TASK INSTRUCTIONS ::
Take the entries below and reproduce exactly the portion that begins at the line containing "Race for Life, Cancer" and ends at the line containing "Walther Winchester style", keeping both ends, dropping pictures, and adding nothing else.
***** PROVIDED DATA *****
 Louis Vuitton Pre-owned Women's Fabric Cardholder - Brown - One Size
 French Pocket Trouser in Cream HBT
*****
***** PROVIDED DATA *****
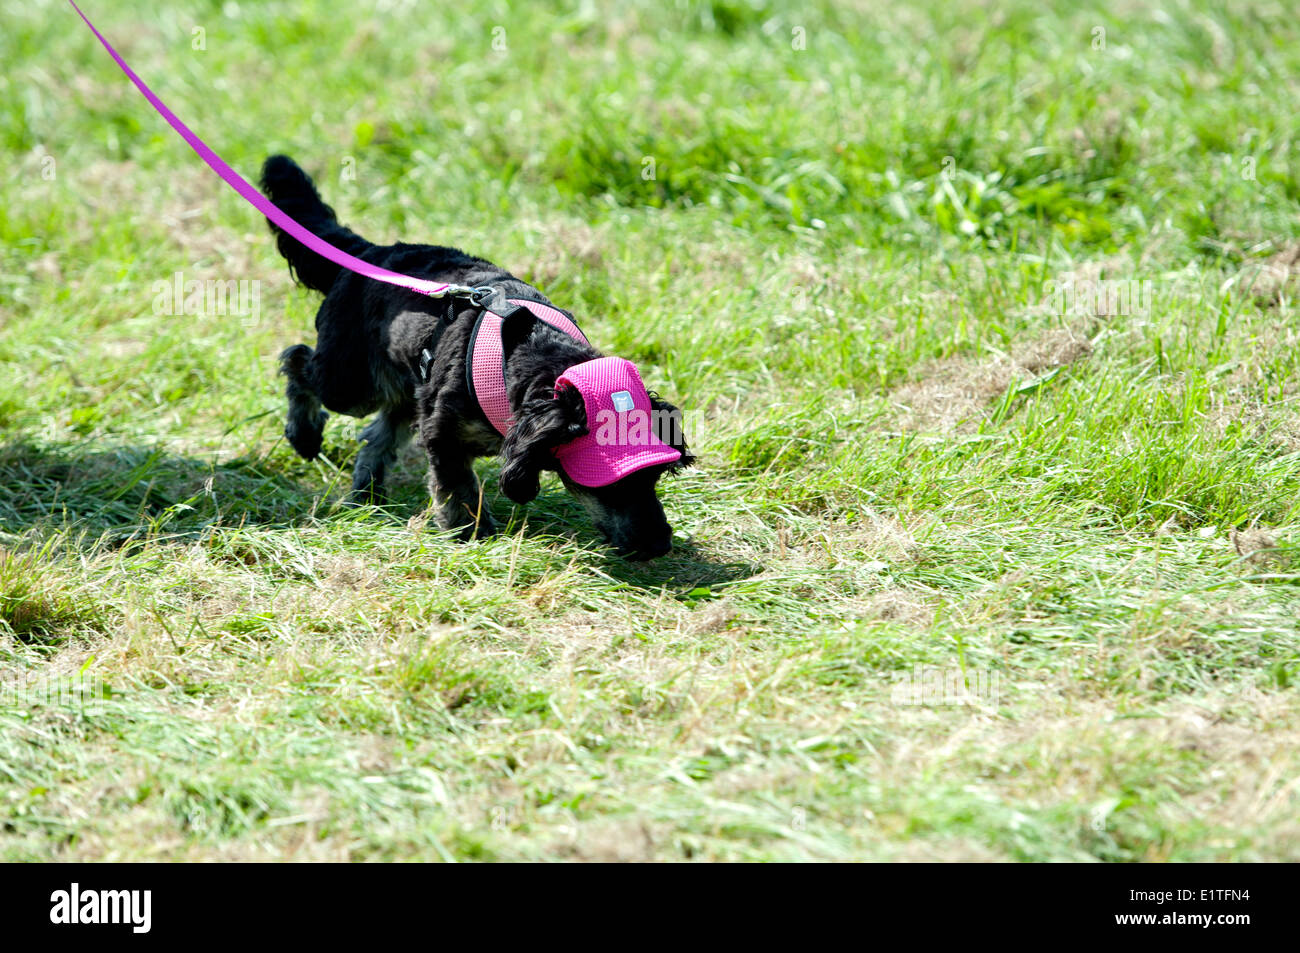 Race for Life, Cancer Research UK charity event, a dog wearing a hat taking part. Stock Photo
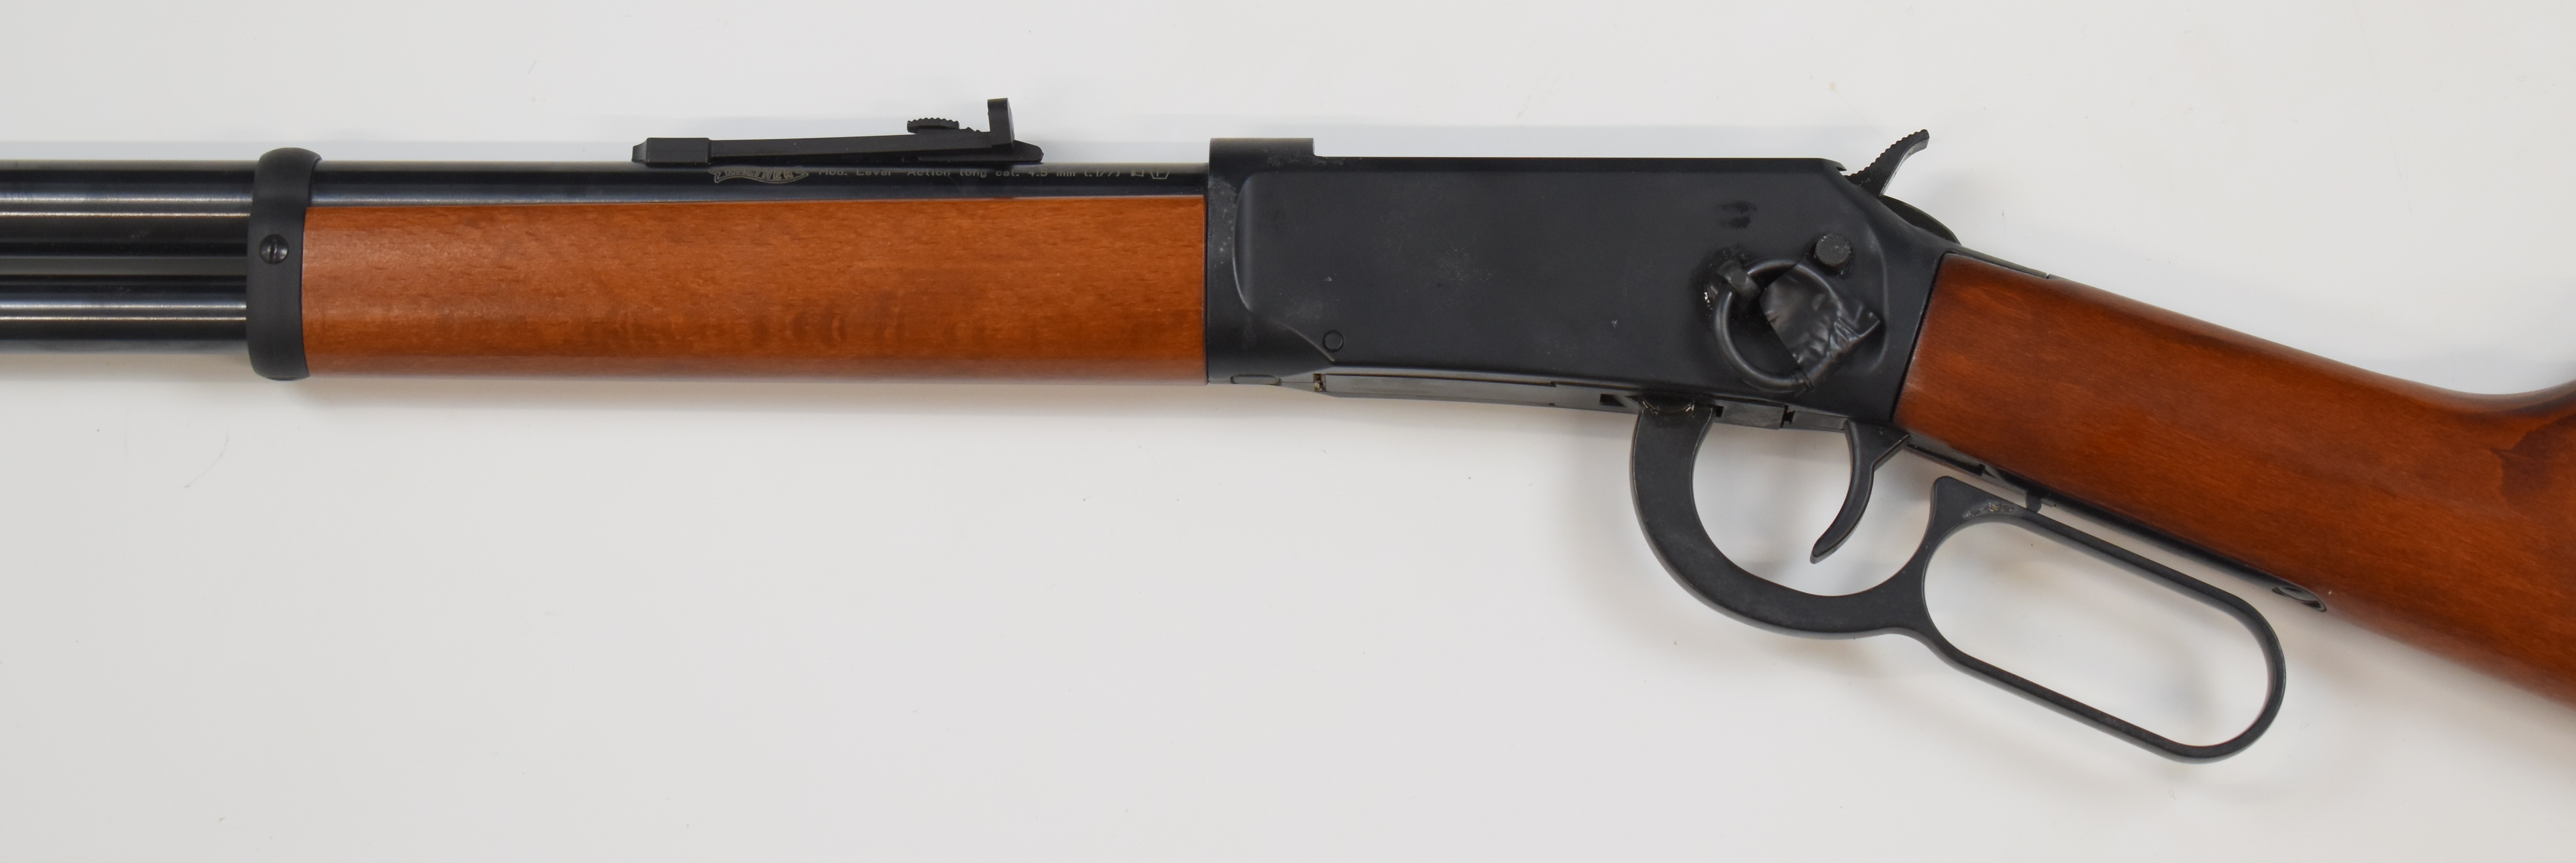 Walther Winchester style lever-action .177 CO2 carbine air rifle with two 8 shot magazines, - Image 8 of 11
*****
SOLUTION TO THIS PROBLEM ::
 Race for Life, Cancer Research UK charity event, a dog wearing a hat taking part. Stock Photo
 Walther Winchester style lever-action .177 CO2 carbine air rifle with two 8 shot magazines, - Image 8 of 11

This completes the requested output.